Checkpoint Management#

Checkpoint management allows you to use ML model files in your operations. The framework handles checkpoint upload, mounting, and access automatically.

Overview#

Checkpoints are model files (e.g., PyTorch .pth files, HuggingFace models) that need to be available to operations.
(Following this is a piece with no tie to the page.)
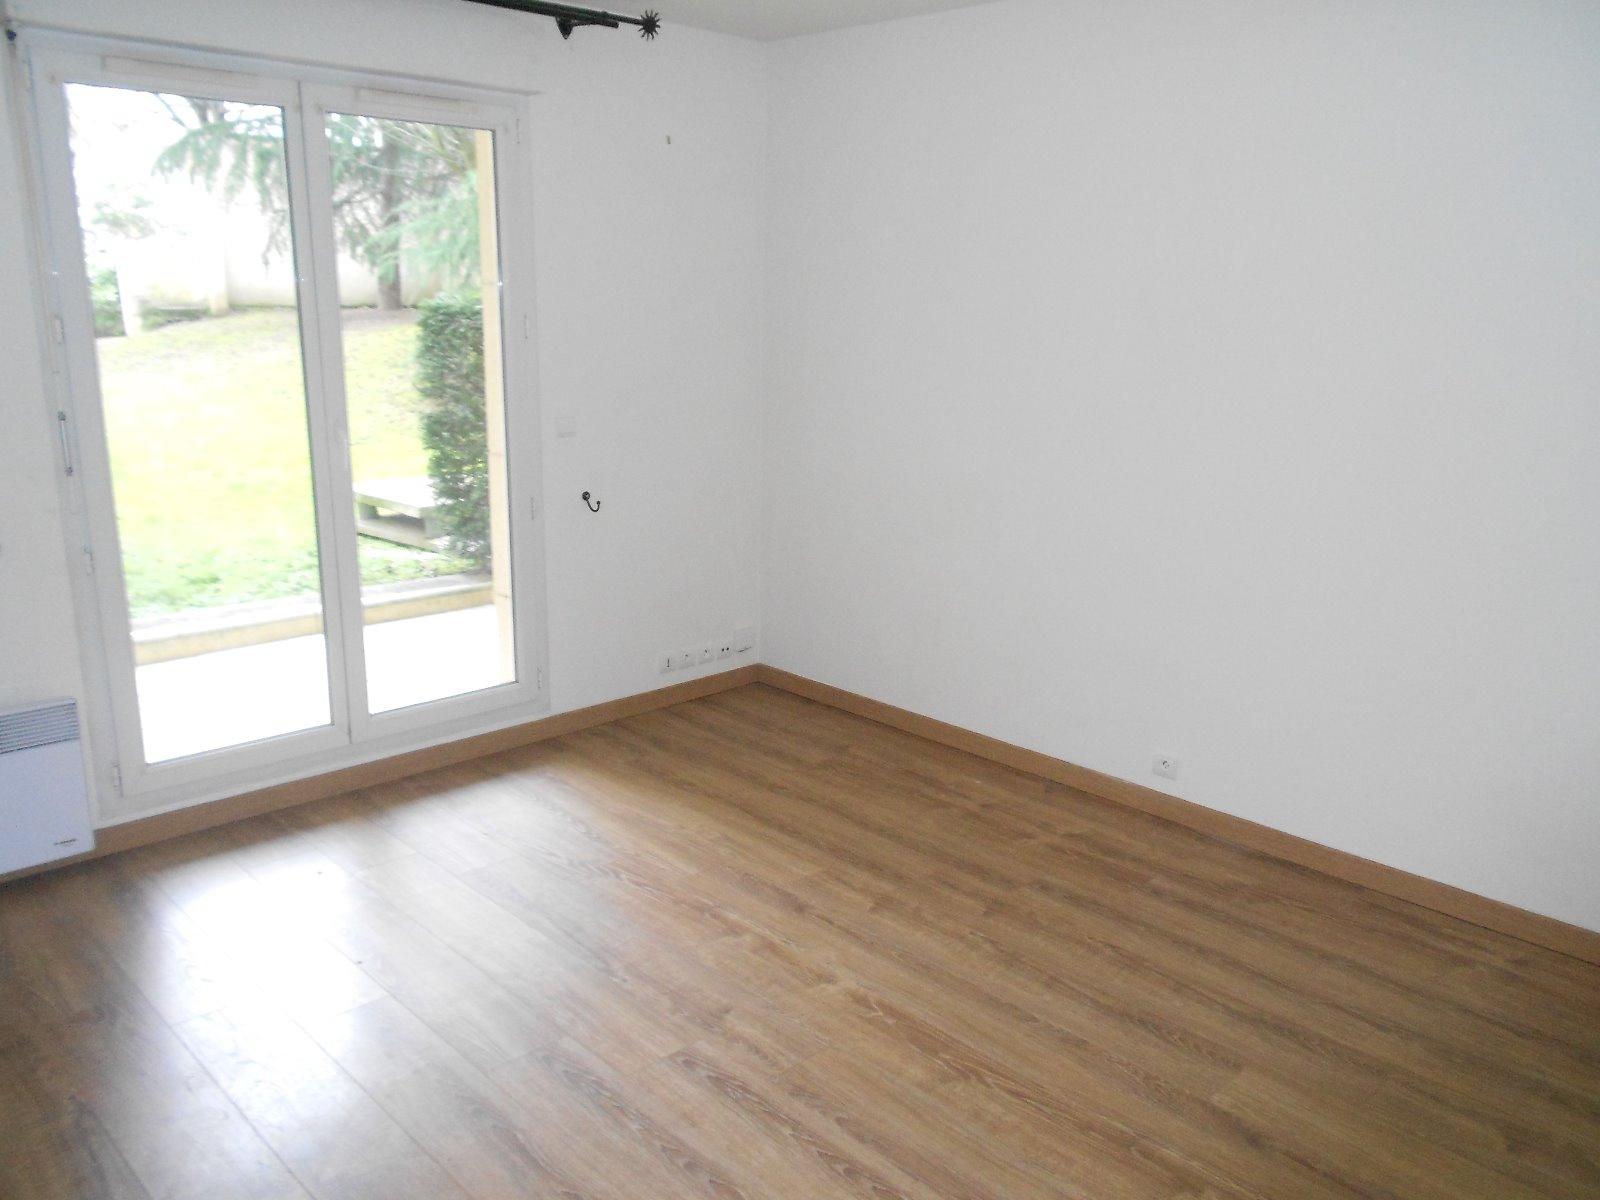 Offres de location Appartements Courbevoie (92400)

The framework:

Uploads checkpoints to YT
Mounts checkpoints in operation sandboxes
Provides access via environment variables
Handles both local and YT-stored checkpoints

Key points:

Checkpoints are mounted as files in operation sandboxes
Access via CHECKPOINT_FILE environment variable (dev mode) or model_name from config (prod mode)
Supports local upload and YT-stored checkpoints
Works in both dev and prod modes

Quick Start#

Basic Setup#

Stage config (stages/inference/config.yaml):

job:
  model_name: my_model.pth

client:
  operations:
    map:
      input_table: //tmp/my_pipeline/input
      output_table: //tmp/my_pipeline/output
      checkpoint:
        checkpoint_base: //tmp/my_pipeline/checkpoints
        local_checkpoint_path: /path/to/local/my_model.pth
      resources:
        pool: default
        memory_limit_gb: 8
        cpu_limit: 2

Mapper script (stages/inference/src/mapper.py):

import os
import torch
from ytjobs.config import get_config_path
from omegaconf import OmegaConf

def main():
    config = OmegaConf.load(get_config_path())
    model_name = config.job.model_name
    
    # Checkpoint file is available in sandbox
    checkpoint_file = os.environ.get("CHECKPOINT_FILE", model_name)
    
    # Load model from checkpoint
    model = torch.load(checkpoint_file)
    model.eval()
    
    # Process input rows...

Configuration#

Checkpoint Configuration#

Configure checkpoints in operation config:

client:
  operations:
    map:
      checkpoint:
        checkpoint_base: //tmp/my_pipeline/checkpoints
        local_checkpoint_path: /path/to/local/model.pth

Fields:

checkpoint_base: YT path where checkpoints are stored
local_checkpoint_path: Local path to checkpoint file (for upload)

Model Name#

Specify model name in job config:

job:
  model_name: my_model.pth

The model name is used as the checkpoint filename in YT.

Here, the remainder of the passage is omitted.